Studio album by Brian McKnight
- Released: October 27, 2009
- Length: 49:48
- Label: E1 Music
- Producer: Brian McKnight

Brian McKnight chronology
| I'll Be Home for Christmas (2008) | Evolution of a Man (2009) | Just Me (2011) |

= Evolution of a Man =

Evolution of a Man is the eleventh studio album by Brian McKnight. It was released by E1 Music on October 27, 2009 in the United States. McKnight worked with singers Jill Scott and Stevie Wonder on the album. It received mixed reviews upon its release and peaked at number three on the US Top R&B/Hip-Hop Albums chart. The first single, "What I've Been Waiting For", was officially released on August 21, 2009.

==Critical reception==

Evolution of a Man received positive reviews from critics.

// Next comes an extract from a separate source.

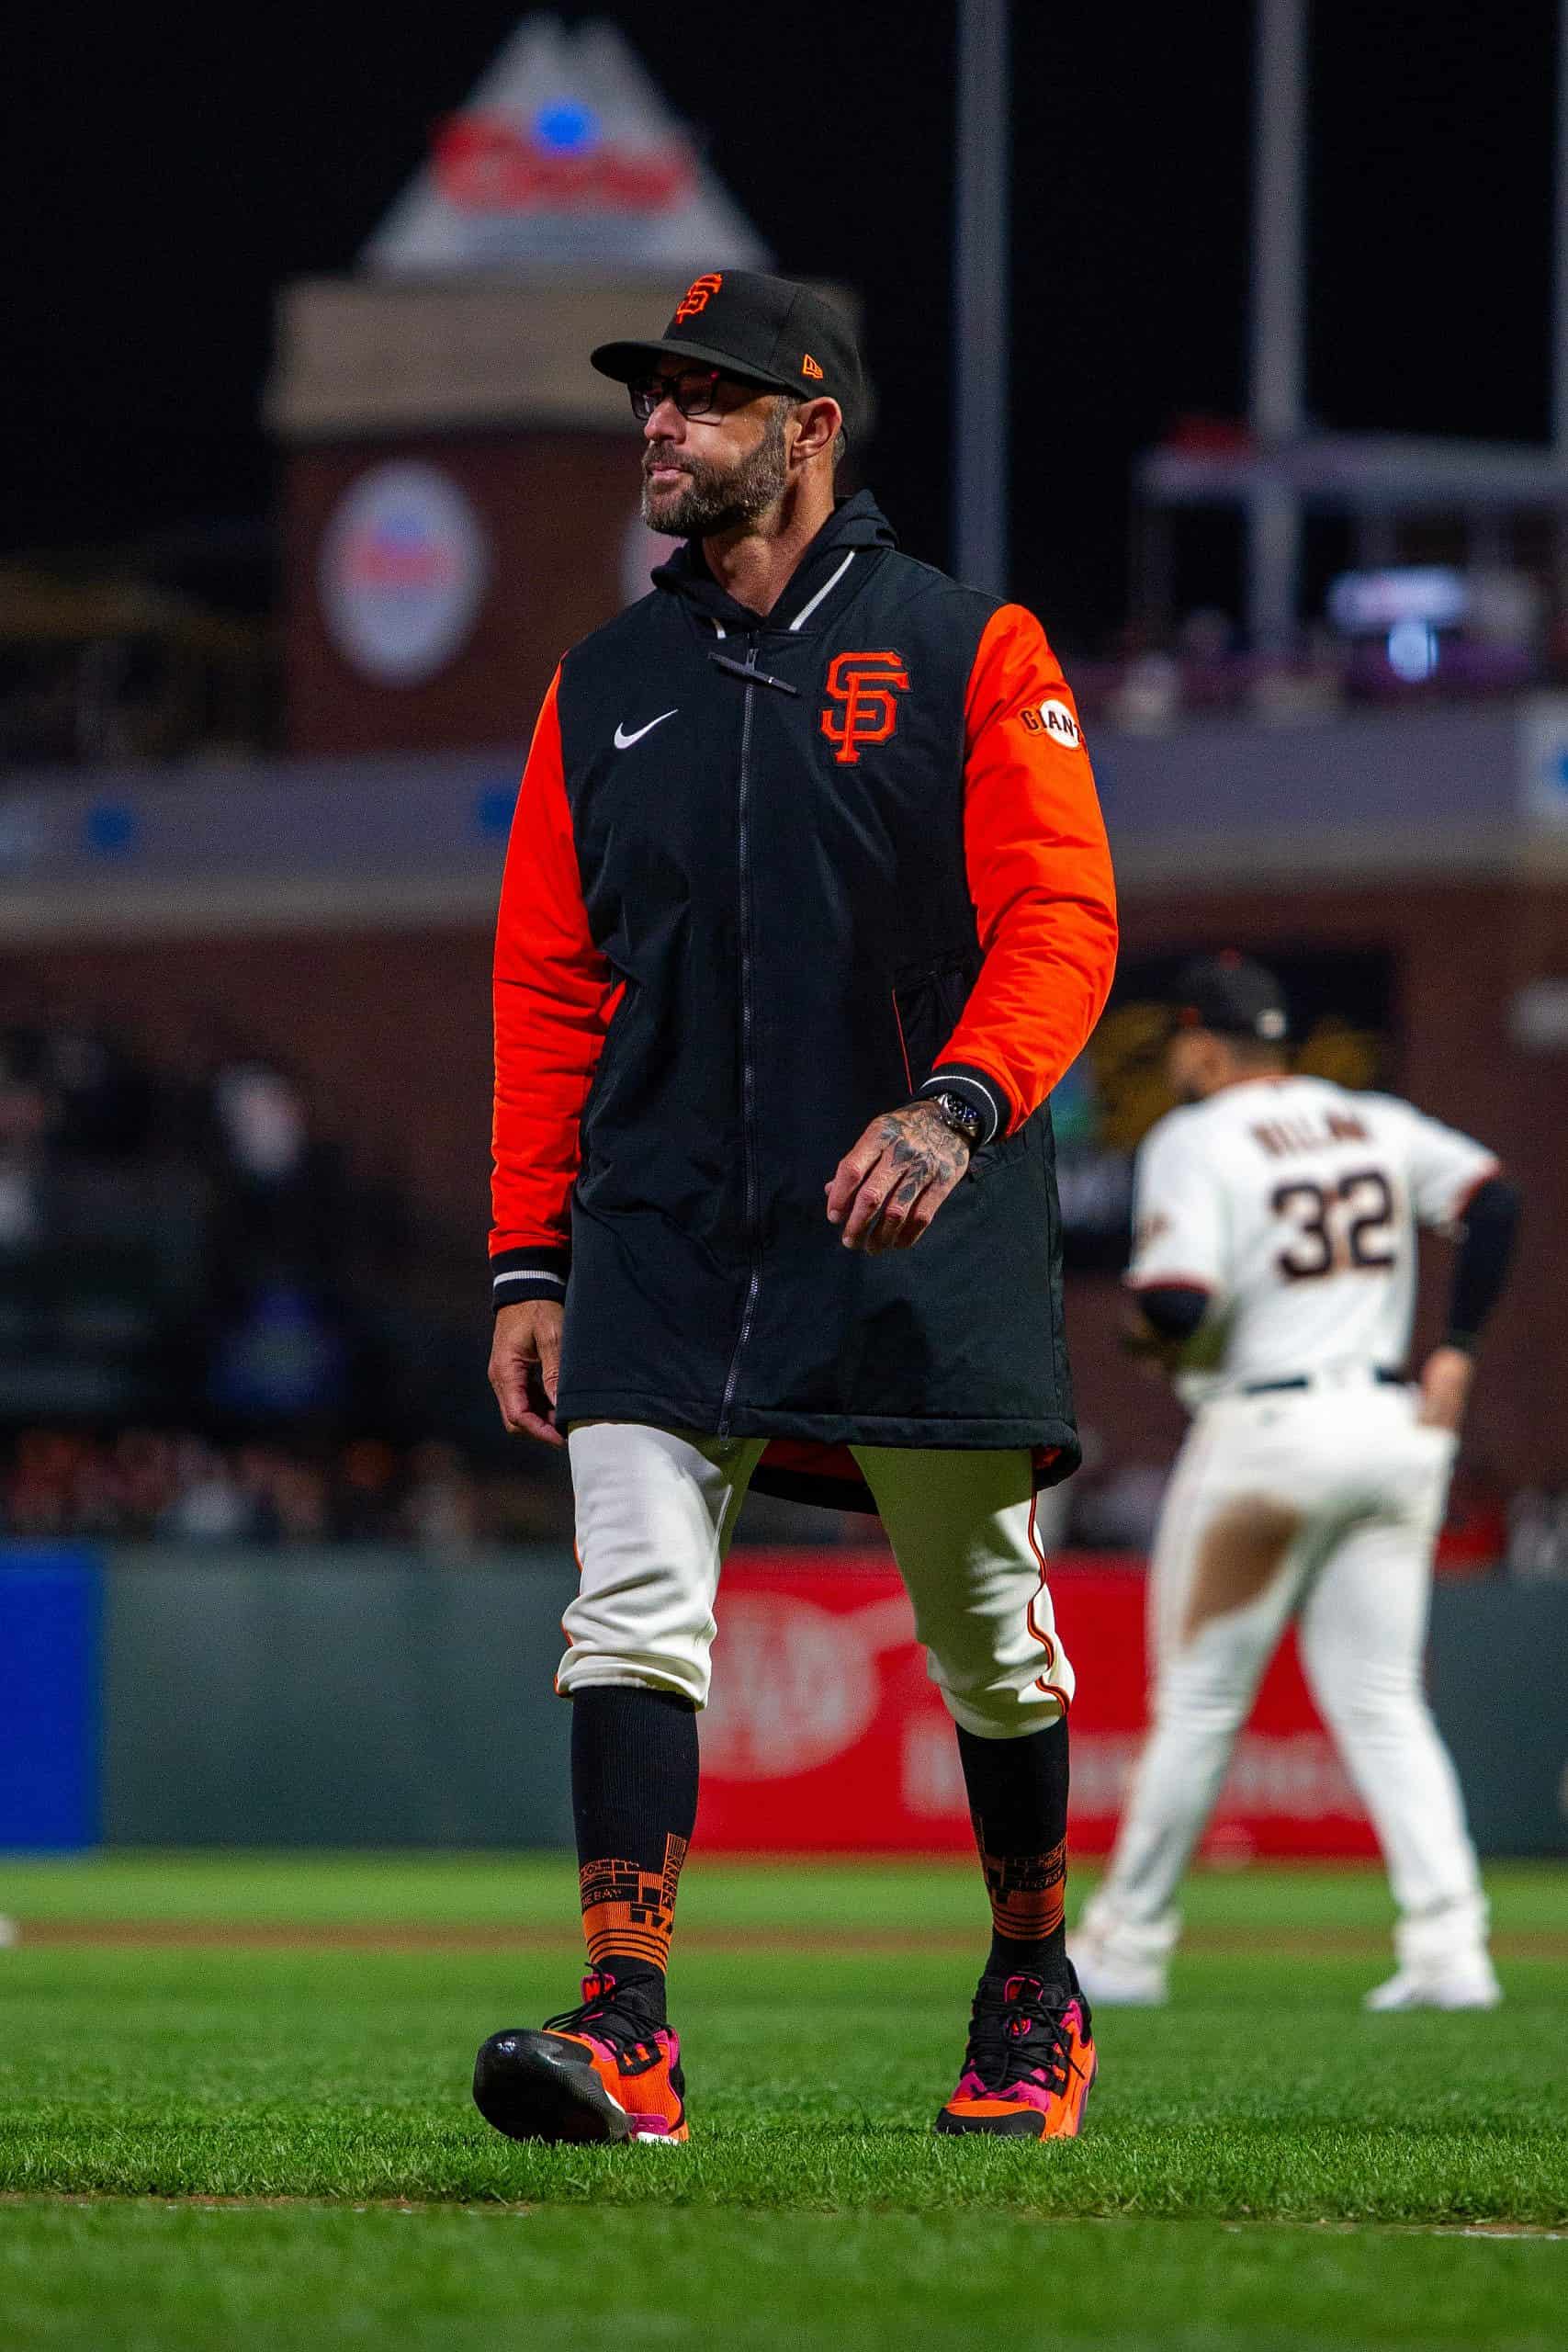 Lessons learned from the 2023 San Francisco Giants photo day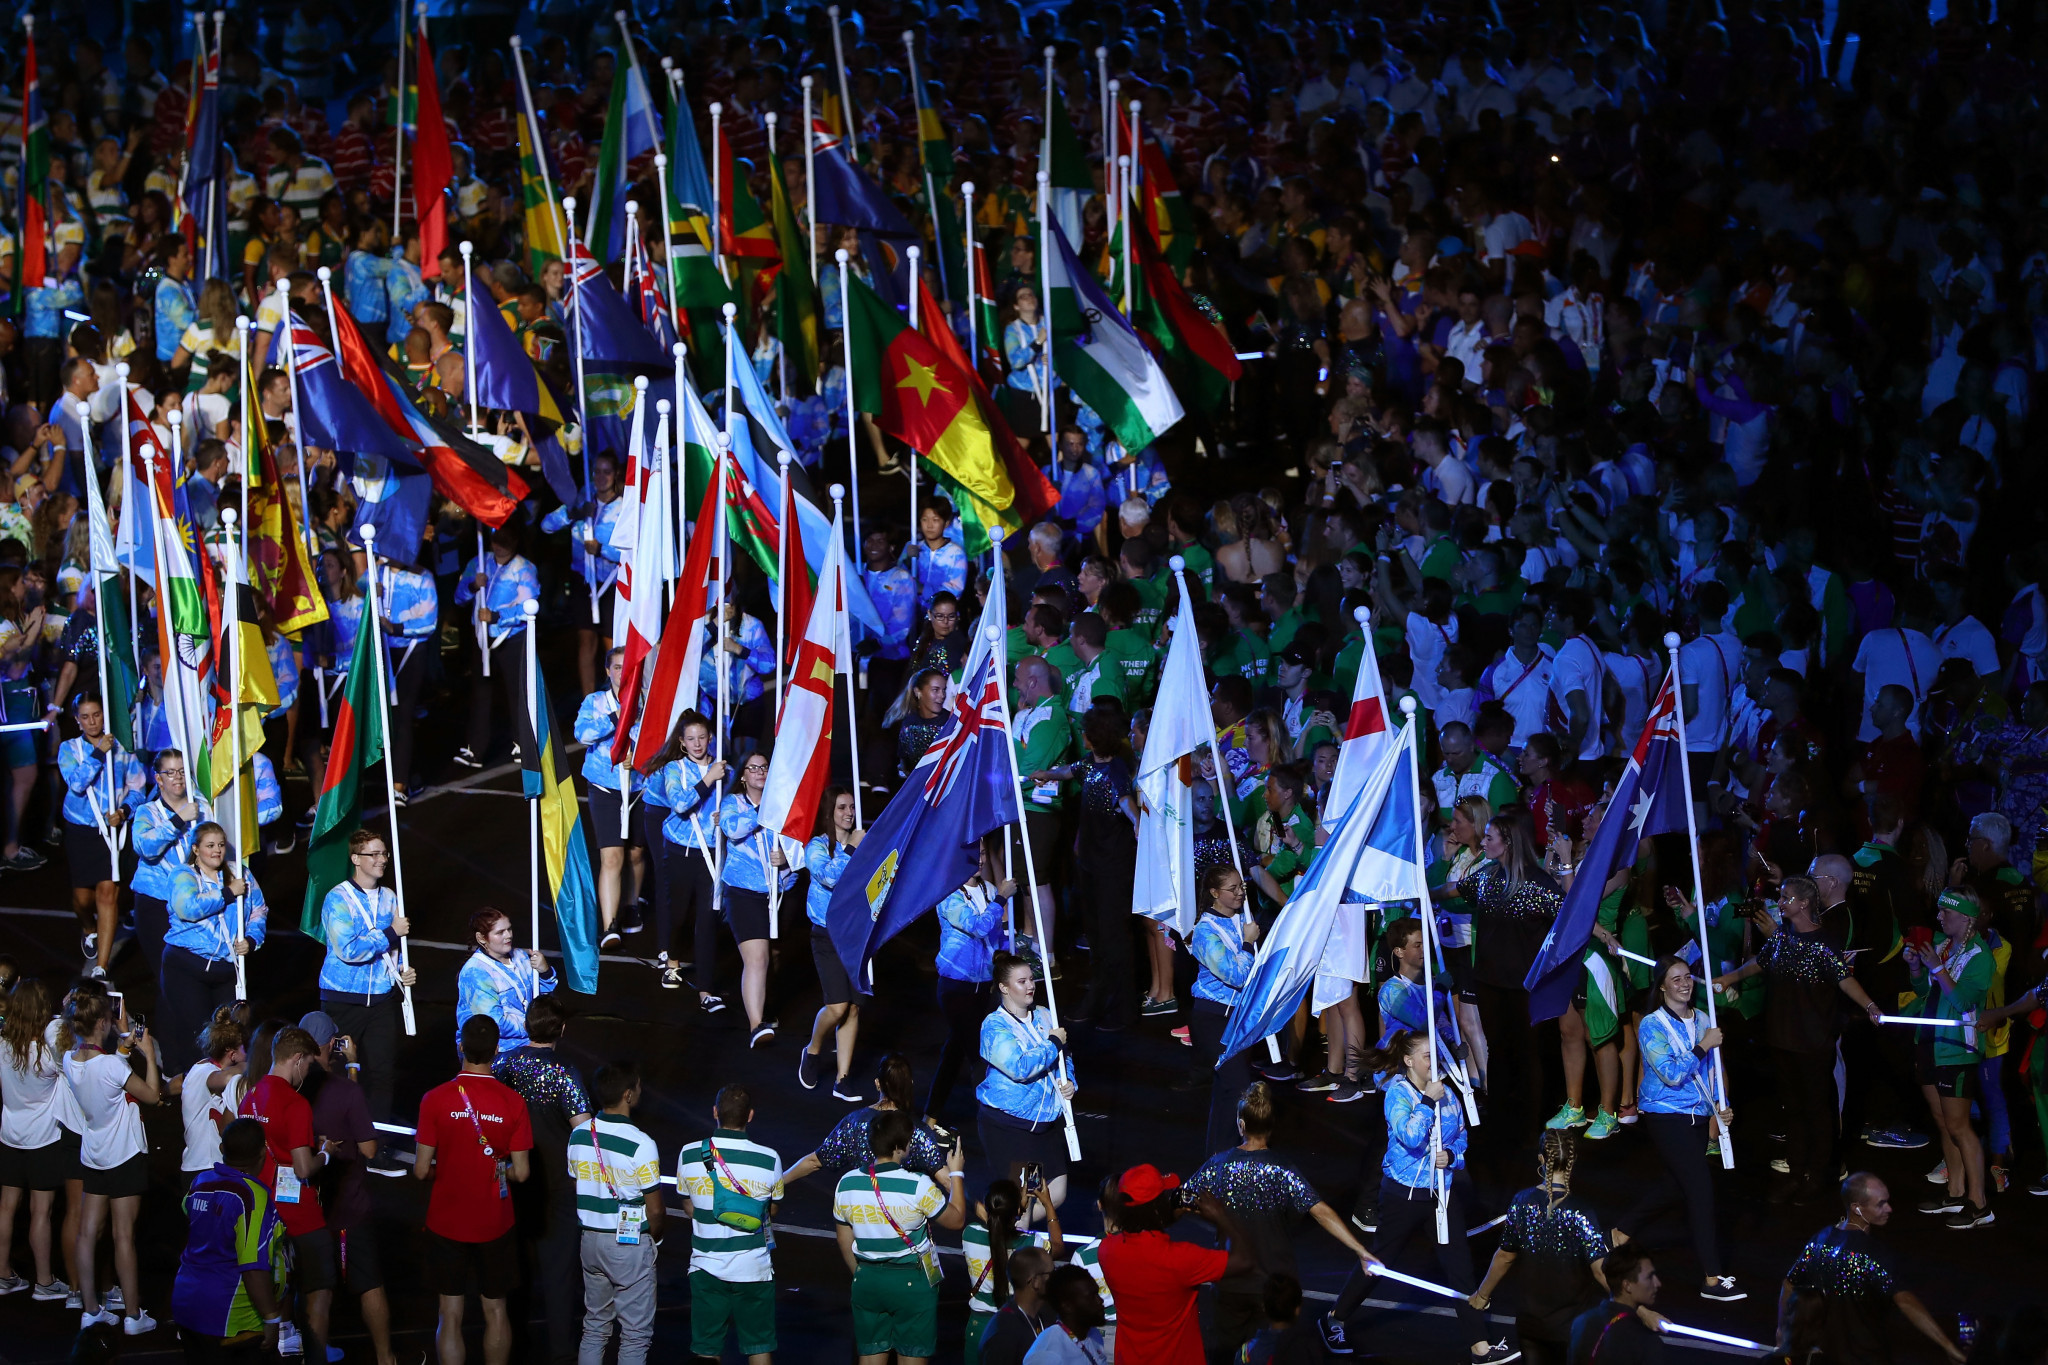 CGF to support athletes' "positive expressions of their values" at Commonwealth Games

At Metacritic, which assigns a normalized rating out of 100 to reviews from mainstream critics, the album has an average score of 65 based on four reviews. In his review for AllMusic, editor Andy Kellman described Evolution of a Man as "predominantly slow, sparse, and intimate," noting that while much of it offers familiar, comforting McKnight fare, some tracks take risks with minimal instrumentation, making the album "more a collection of loose sketches than a highly polished set" that may not hold up to repeated listening. Gail Mitchell, writing for Billboard, found that on Evolution of a Man, McKnight returned to his "original bread-and-butter gig" with a "mood-setting mix of midtempo cuts and ballads." She noted the album was "not groundbreaking" and included "two distracting interstitials," but concluded it shows McKnight "still has a way with the ladies."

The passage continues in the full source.